DATA PROVIDED
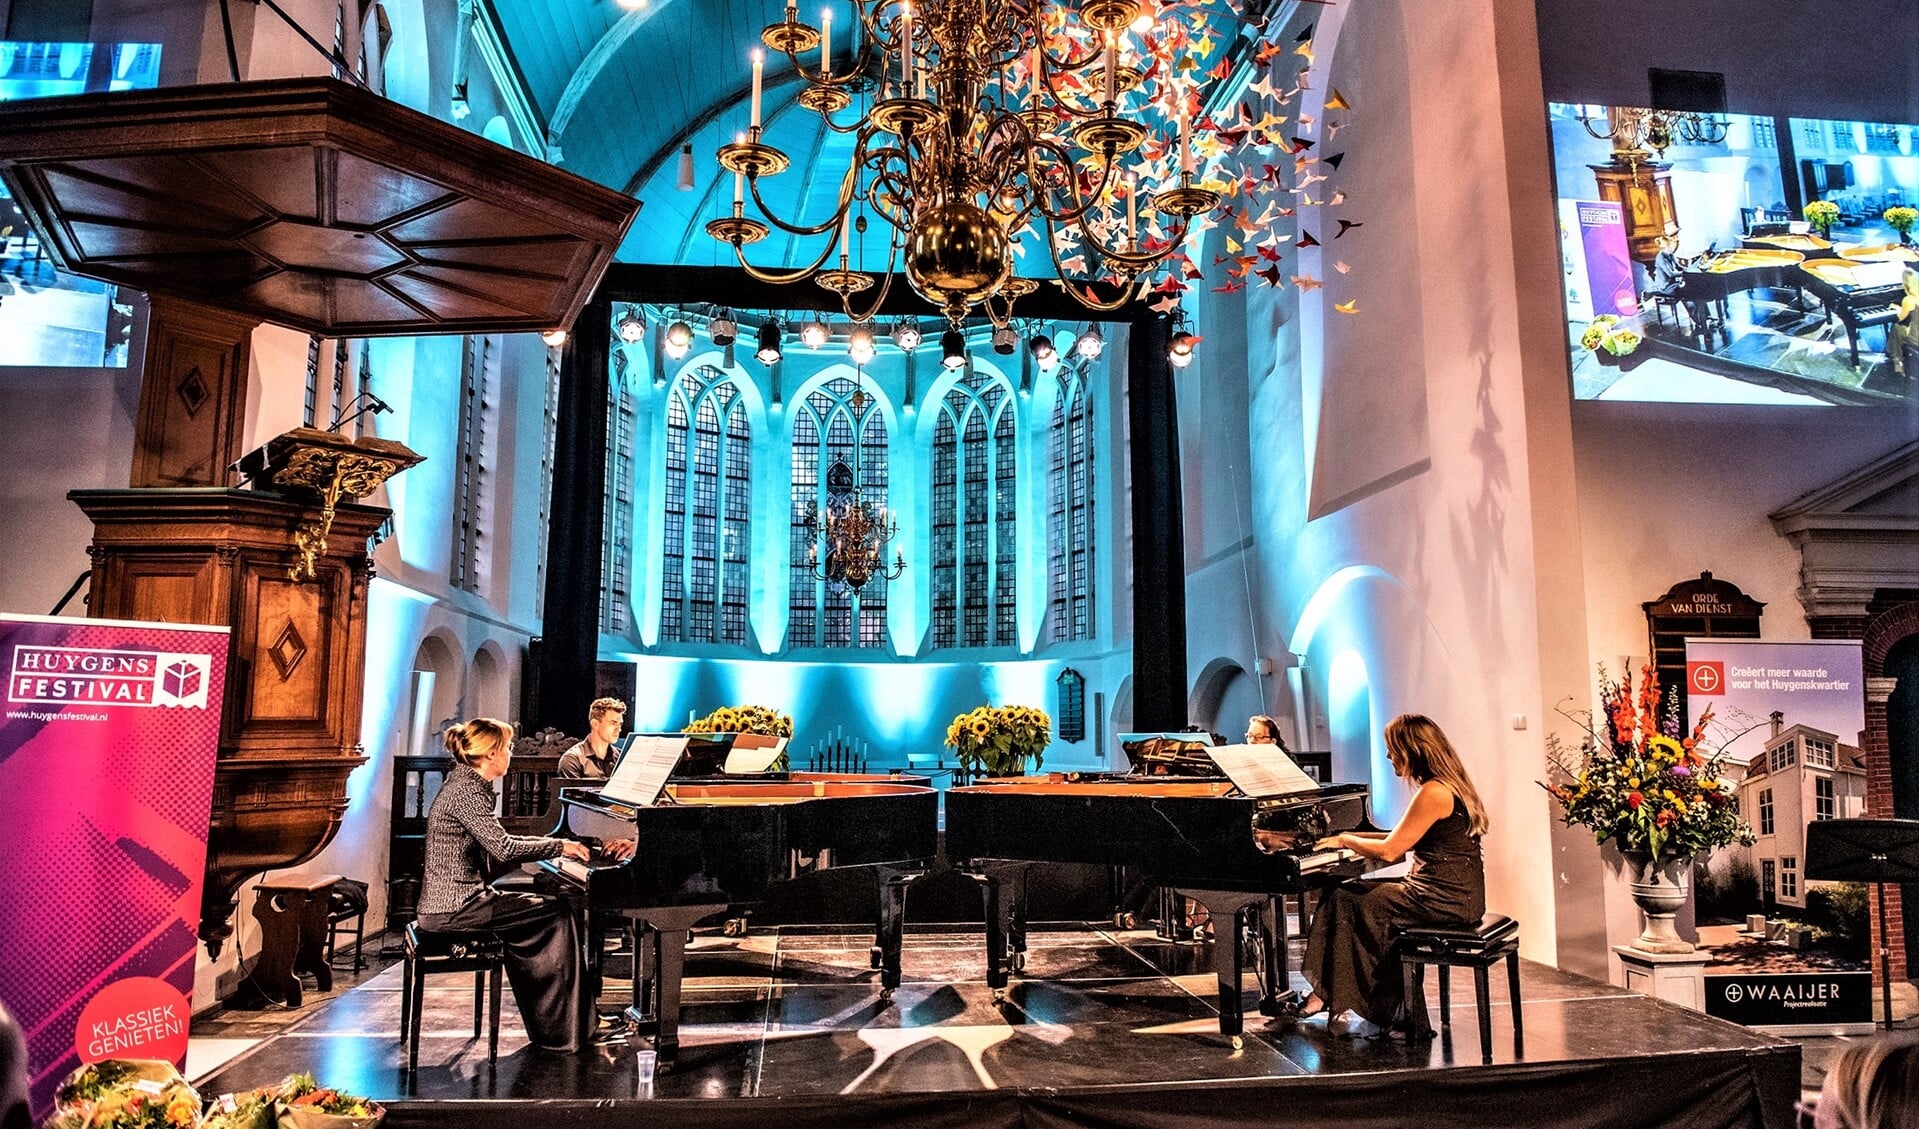 Het Rondane Kwartet in de Oude Kerk tijdens een eerdere editie van het Huygens Festival (foto: Michel Groen).
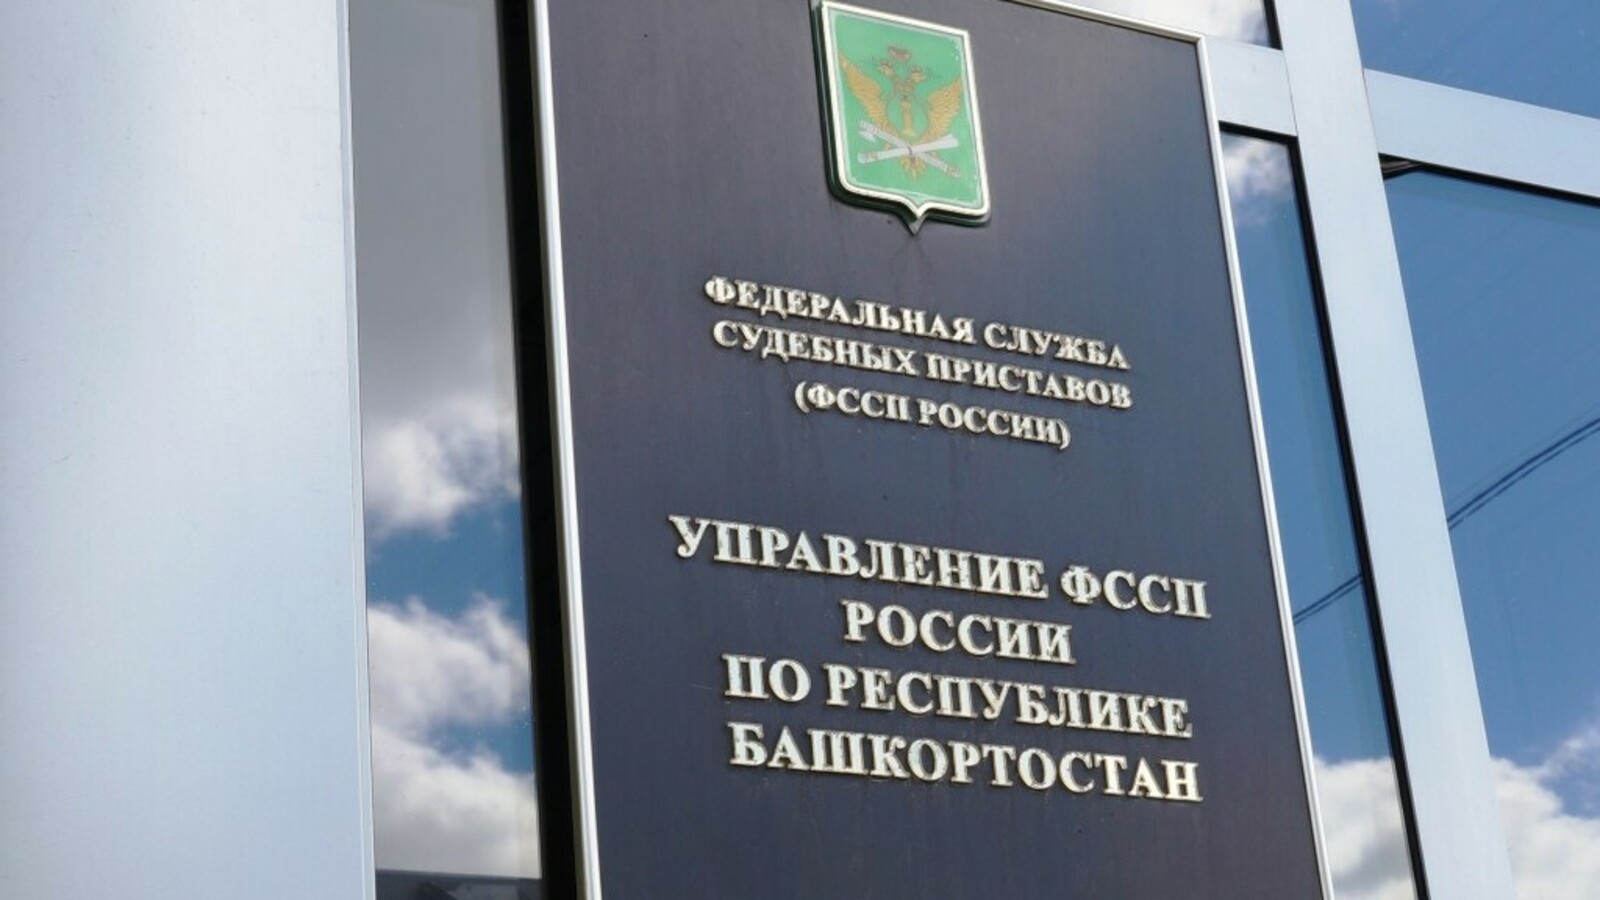 Управление ФССП по Республике Башкортостан разъясняет
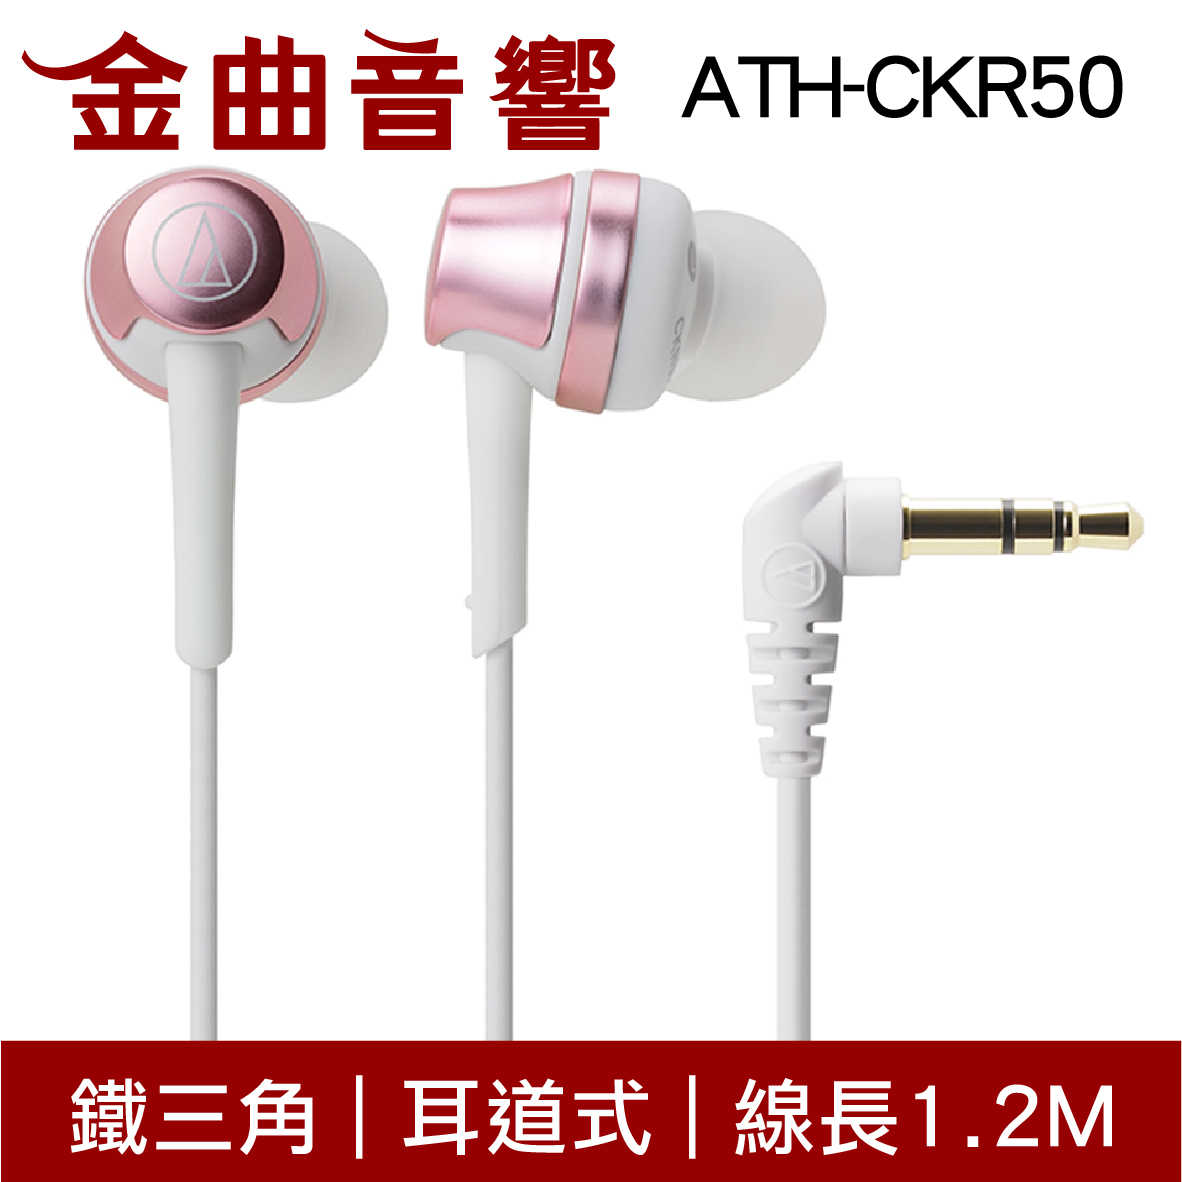 鐵三角 ATH-CKR50 多色可選 耳道式耳機 | 金曲音響

WORK ORDER
Exactly as written, restate the lines from the one that contains "Управление ФССП по" through the final line of the data, both ends included, but leave out the pictures.

WRITTEN SOLUTION
 Управление ФССП по Республике Башкортостан разъясняет
 鐵三角 ATH-CKR50 多色可選 耳道式耳機 | 金曲音響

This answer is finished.